### WORK ORDER
Every line of the entries below from the one containing "スティッチの弱点は水で、海中" to the one containing "#italynearme #super_italy #visiteurope", both ends included, must be written out exactly. No other line belongs in the answer.

### RECORDS PROVIDED
....................

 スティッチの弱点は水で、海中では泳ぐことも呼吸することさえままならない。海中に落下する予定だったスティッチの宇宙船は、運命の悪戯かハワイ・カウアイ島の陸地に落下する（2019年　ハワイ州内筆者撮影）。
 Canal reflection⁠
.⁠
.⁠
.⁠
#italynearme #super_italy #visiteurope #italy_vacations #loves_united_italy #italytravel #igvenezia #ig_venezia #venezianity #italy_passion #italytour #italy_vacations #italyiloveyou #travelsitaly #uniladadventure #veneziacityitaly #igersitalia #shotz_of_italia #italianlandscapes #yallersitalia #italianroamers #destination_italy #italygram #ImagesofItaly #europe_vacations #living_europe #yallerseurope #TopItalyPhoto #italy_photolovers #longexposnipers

....................

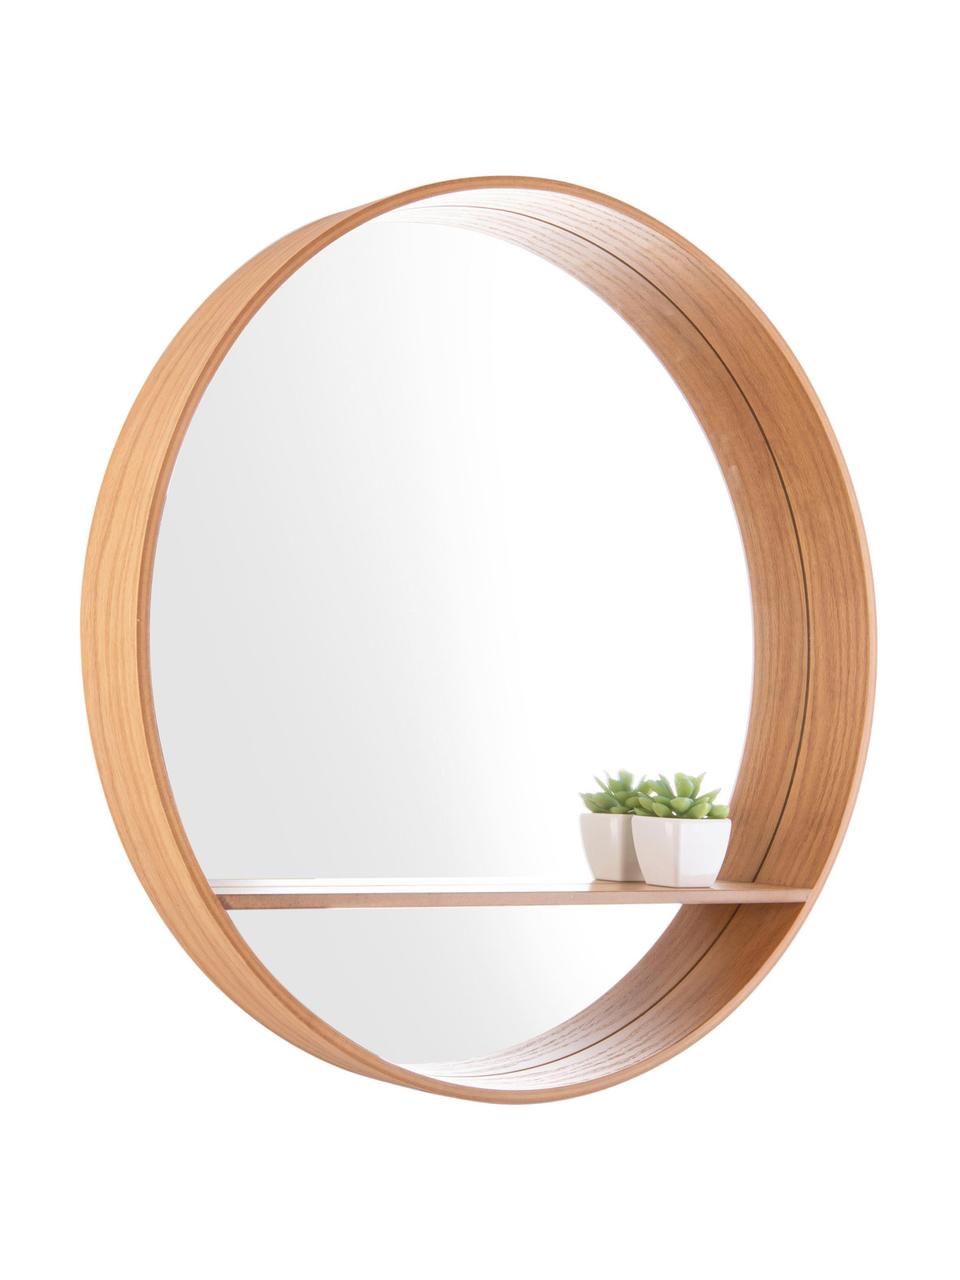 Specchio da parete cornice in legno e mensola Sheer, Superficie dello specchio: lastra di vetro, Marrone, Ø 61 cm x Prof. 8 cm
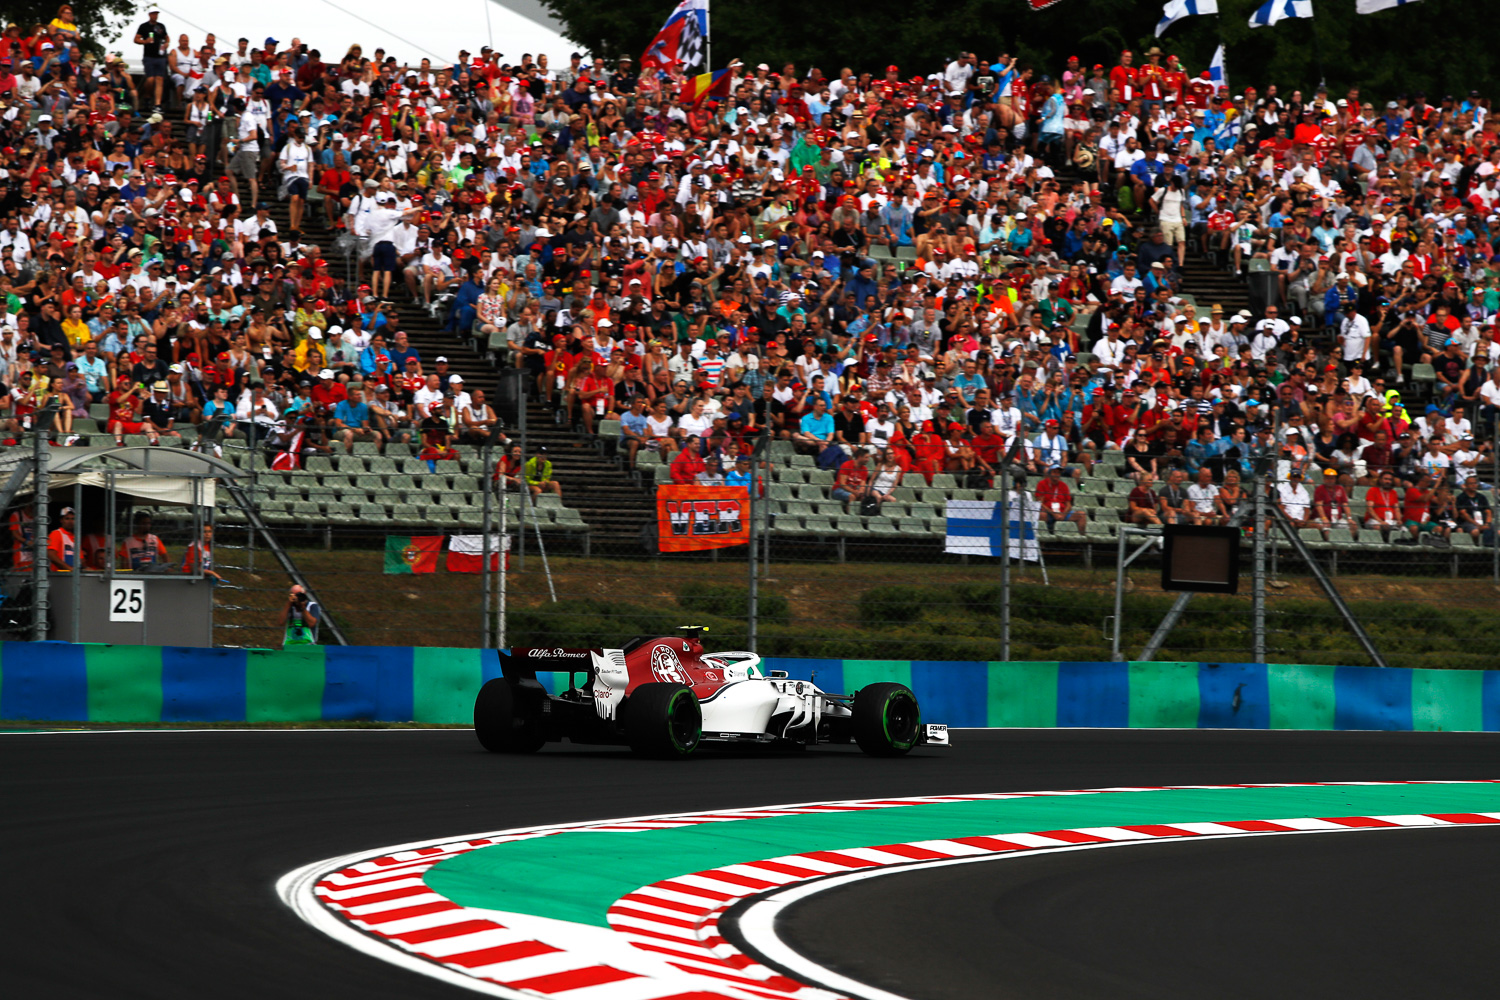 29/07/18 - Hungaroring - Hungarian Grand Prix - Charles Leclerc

....................

### RESULT OF THE TASK
 スティッチの弱点は水で、海中では泳ぐことも呼吸することさえままならない。海中に落下する予定だったスティッチの宇宙船は、運命の悪戯かハワイ・カウアイ島の陸地に落下する（2019年　ハワイ州内筆者撮影）。
 Canal reflection⁠
.⁠
.⁠
.⁠
#italynearme #super_italy #visiteurope #italy_vacations #loves_united_italy #italytravel #igvenezia #ig_venezia #venezianity #italy_passion #italytour #italy_vacations #italyiloveyou #travelsitaly #uniladadventure #veneziacityitaly #igersitalia #shotz_of_italia #italianlandscapes #yallersitalia #italianroamers #destination_italy #italygram #ImagesofItaly #europe_vacations #living_europe #yallerseurope #TopItalyPhoto #italy_photolovers #longexposnipers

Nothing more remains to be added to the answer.